### Exercise goal
Reproduce the listing below character for character; drop every image.

### Input data
__________________________________________________

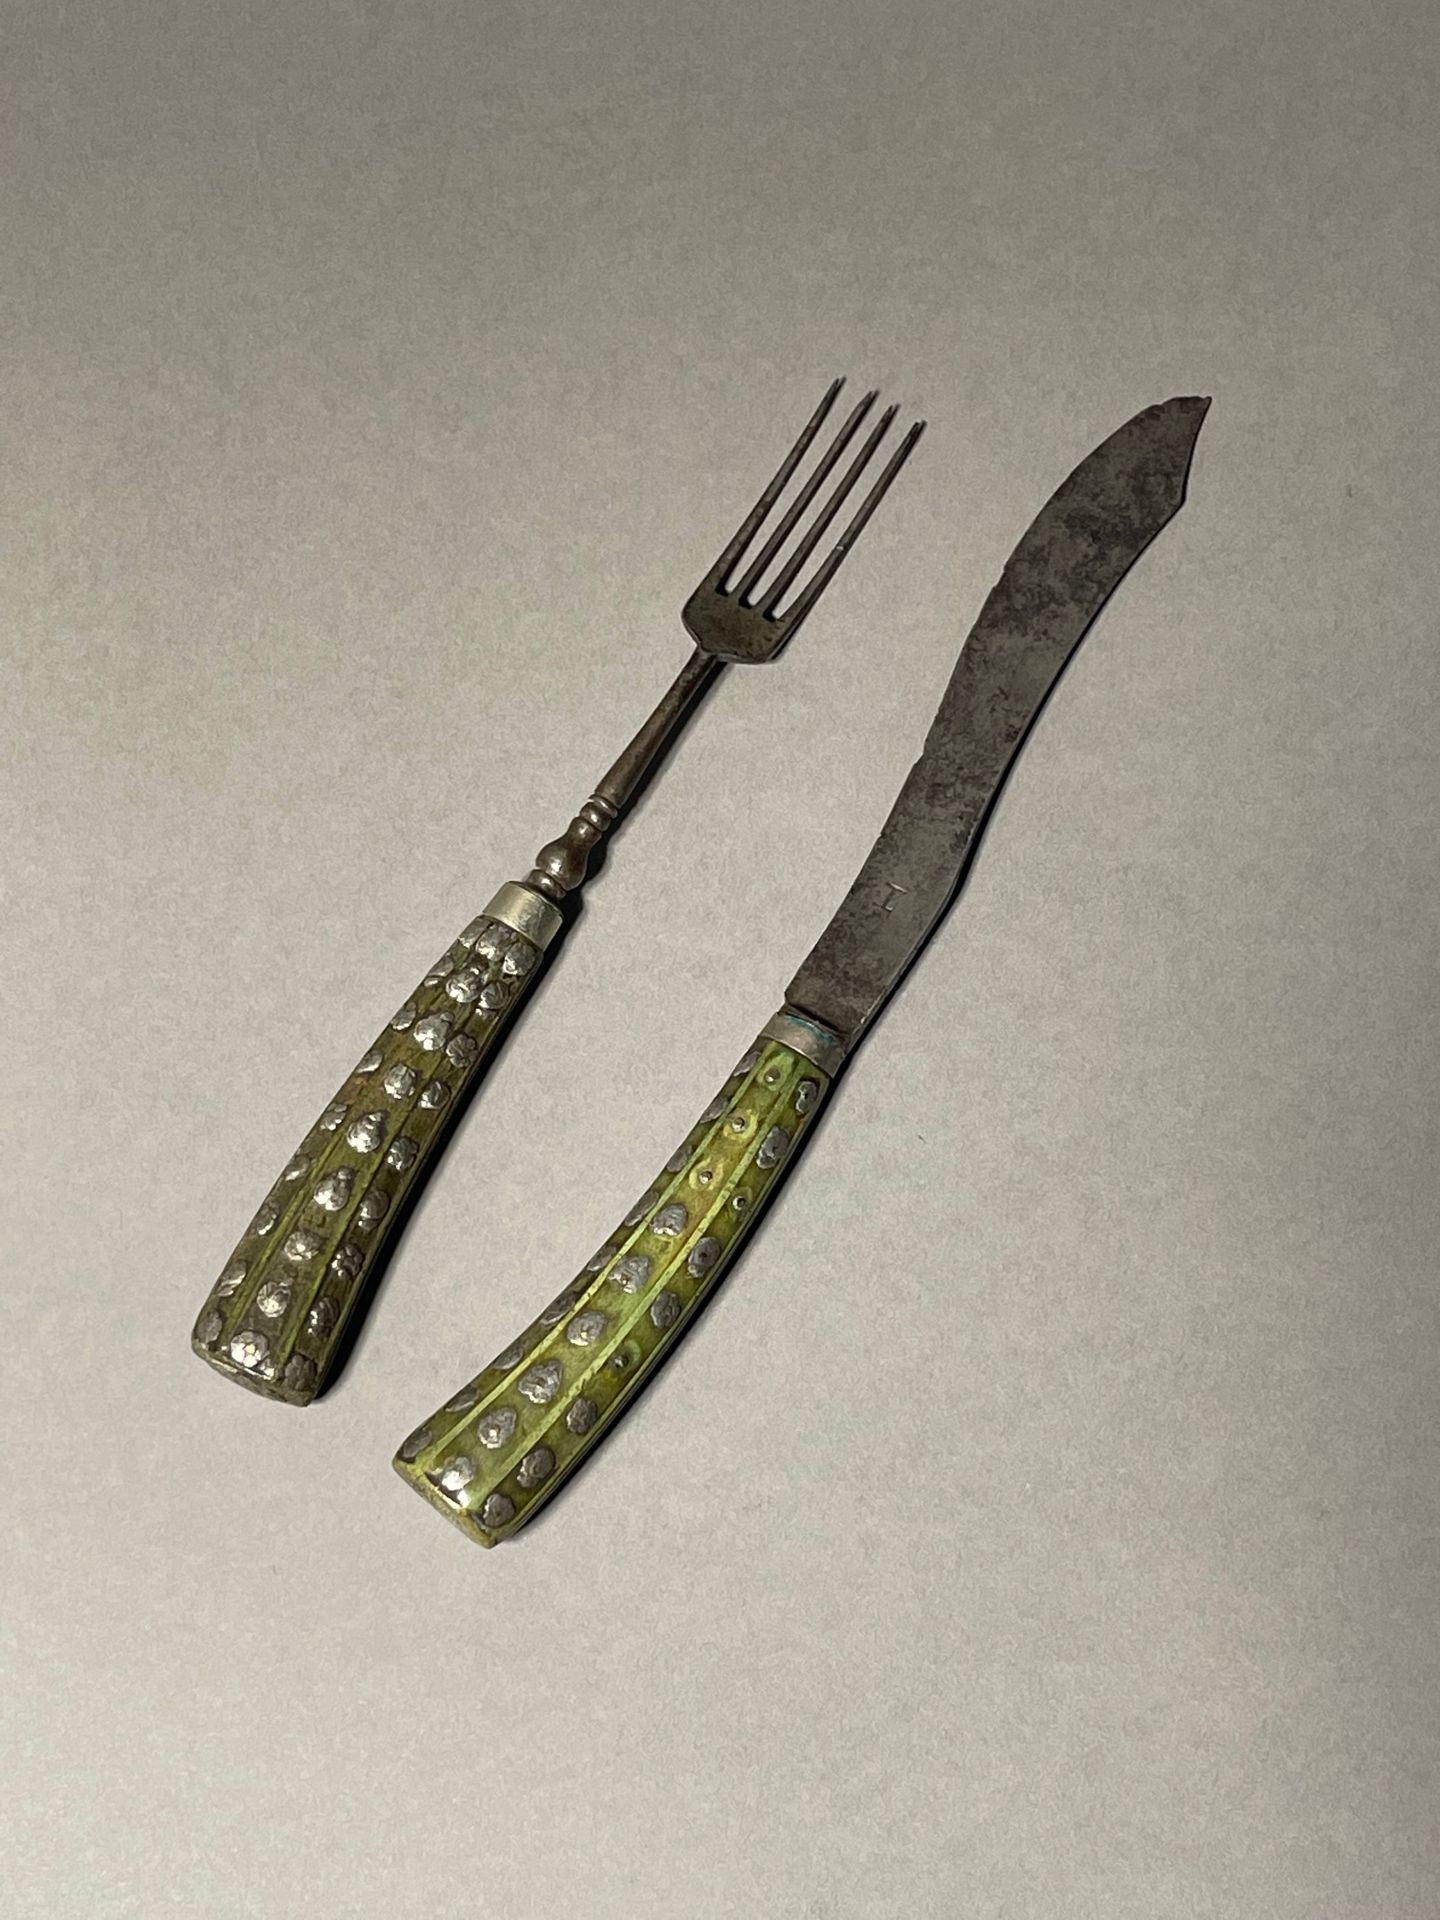 Null 狩猎用餐具
绿色染色骨柄，银质镶嵌的人物和叶子装饰
刀片上有L（Langre）的签名
17世纪末

__________________________________________________

### Answer area
 Null 狩猎用餐具
绿色染色骨柄，银质镶嵌的人物和叶子装饰
刀片上有L（Langre）的签名
17世纪末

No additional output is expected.